What to do:
Repeat the data exactly. Pictures are not part of the copy.

Material provided:
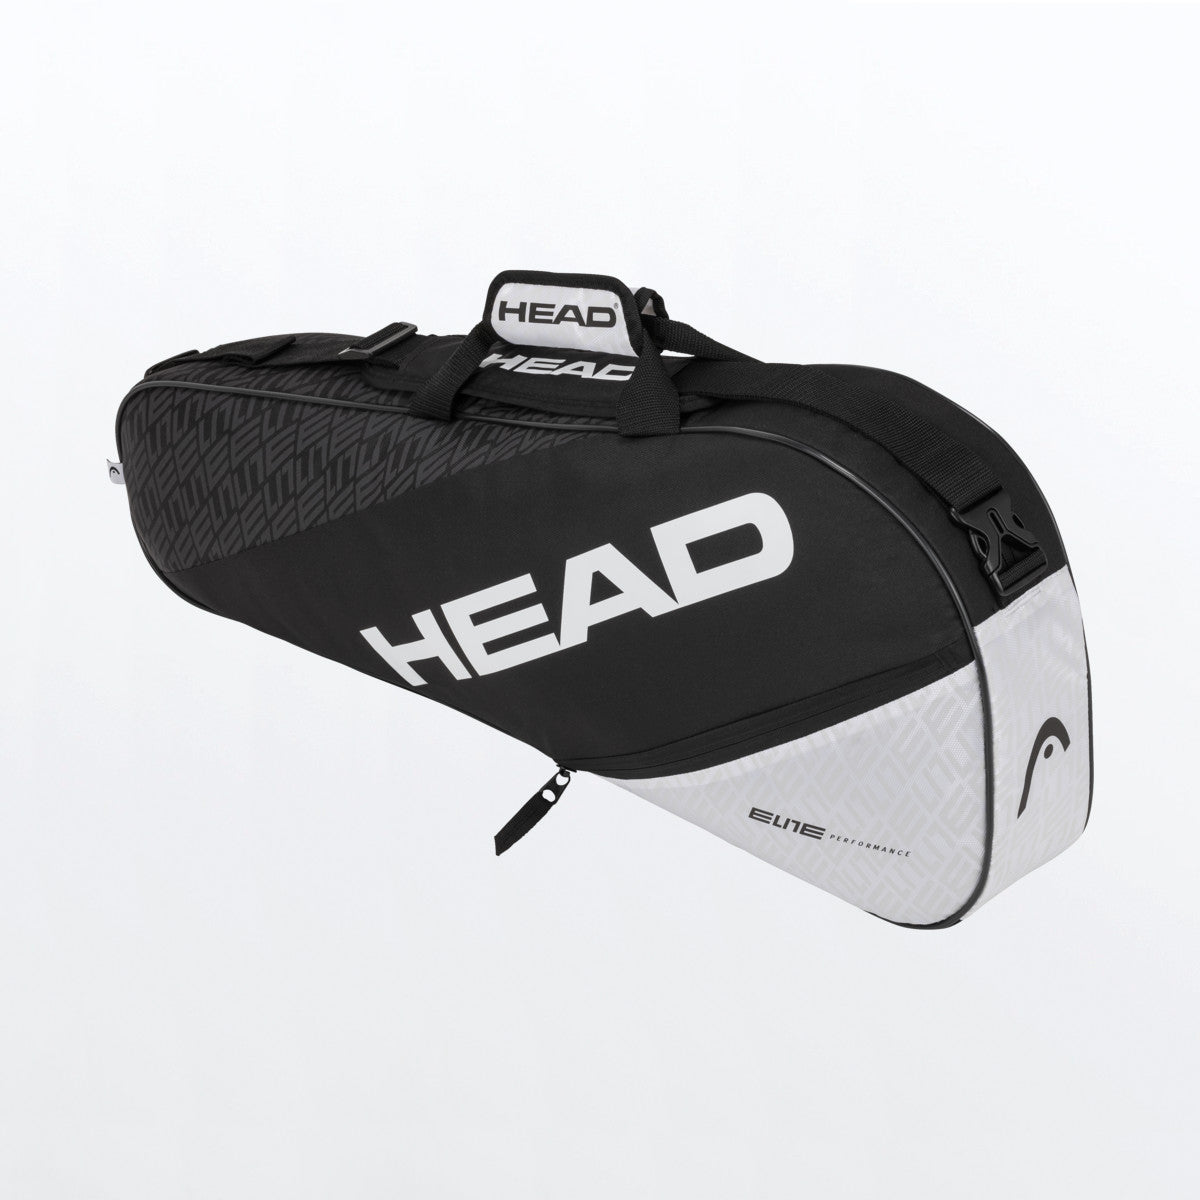 Head ELITE 3R PRO Racket Bag
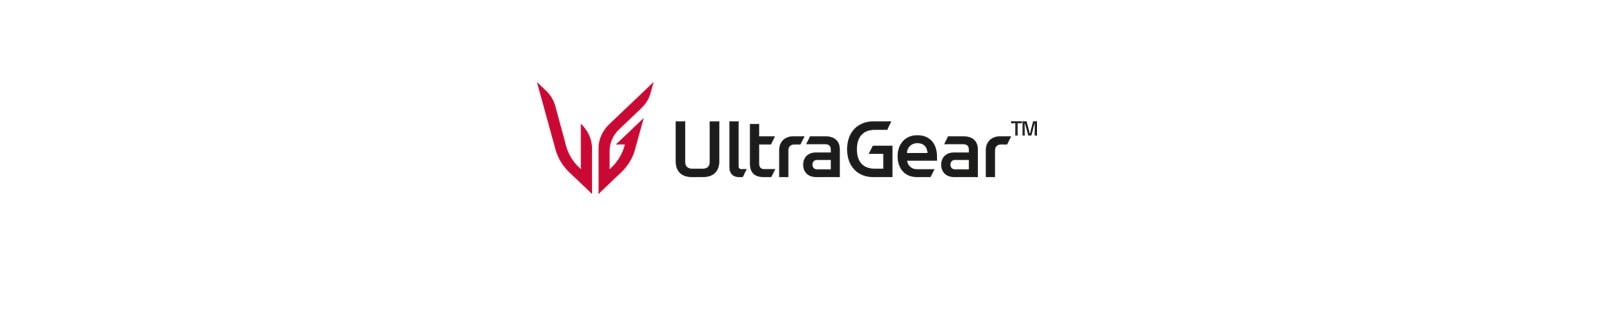 UltraGear™ logotip.
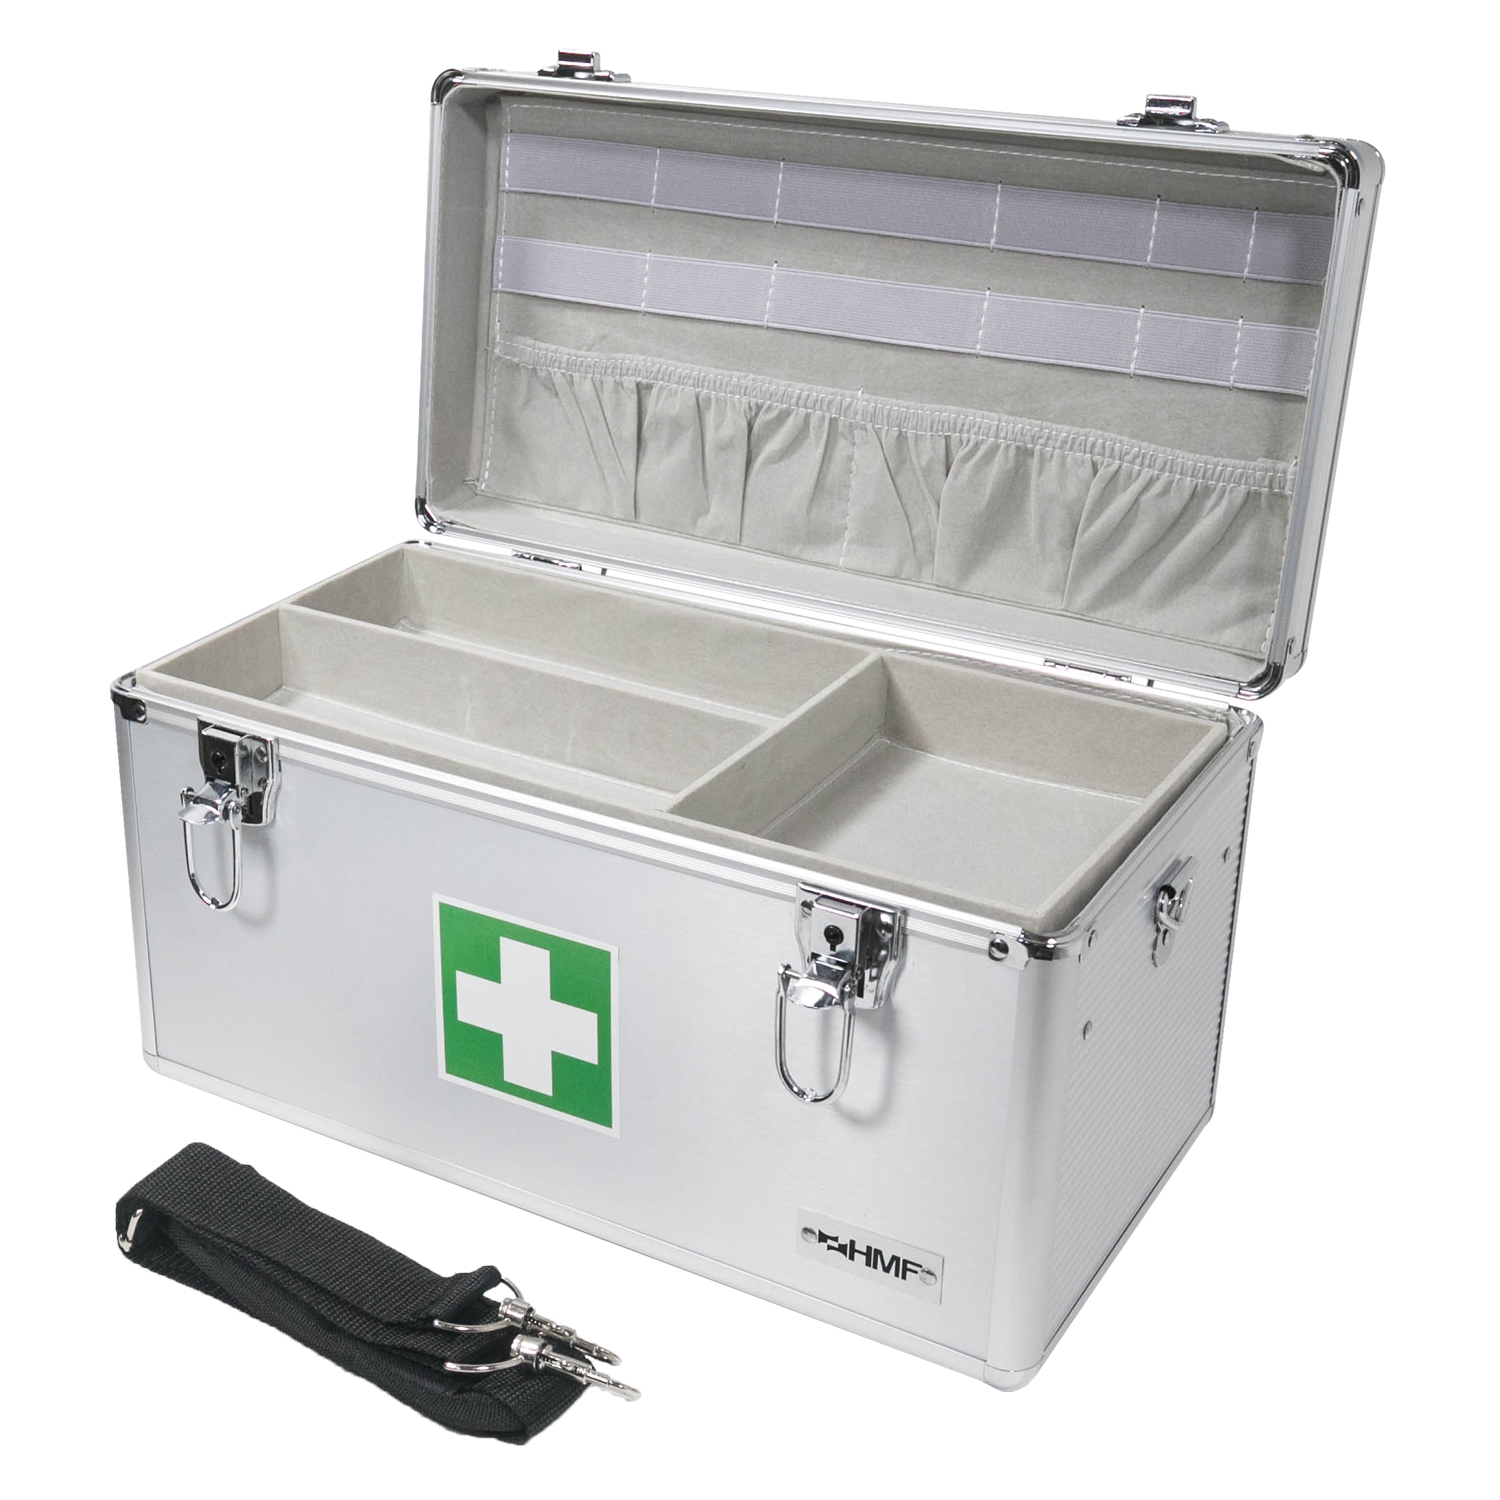 Medizinkoffer, Erste Hilfe Koffer, Aluminium, HMF 14701-09, 40 x 22,5 x 20,5 cm, Silber

Result:
 Head ELITE 3R PRO Racket Bag
 UltraGear™ logotip.
 Medizinkoffer, Erste Hilfe Koffer, Aluminium, HMF 14701-09, 40 x 22,5 x 20,5 cm, Silber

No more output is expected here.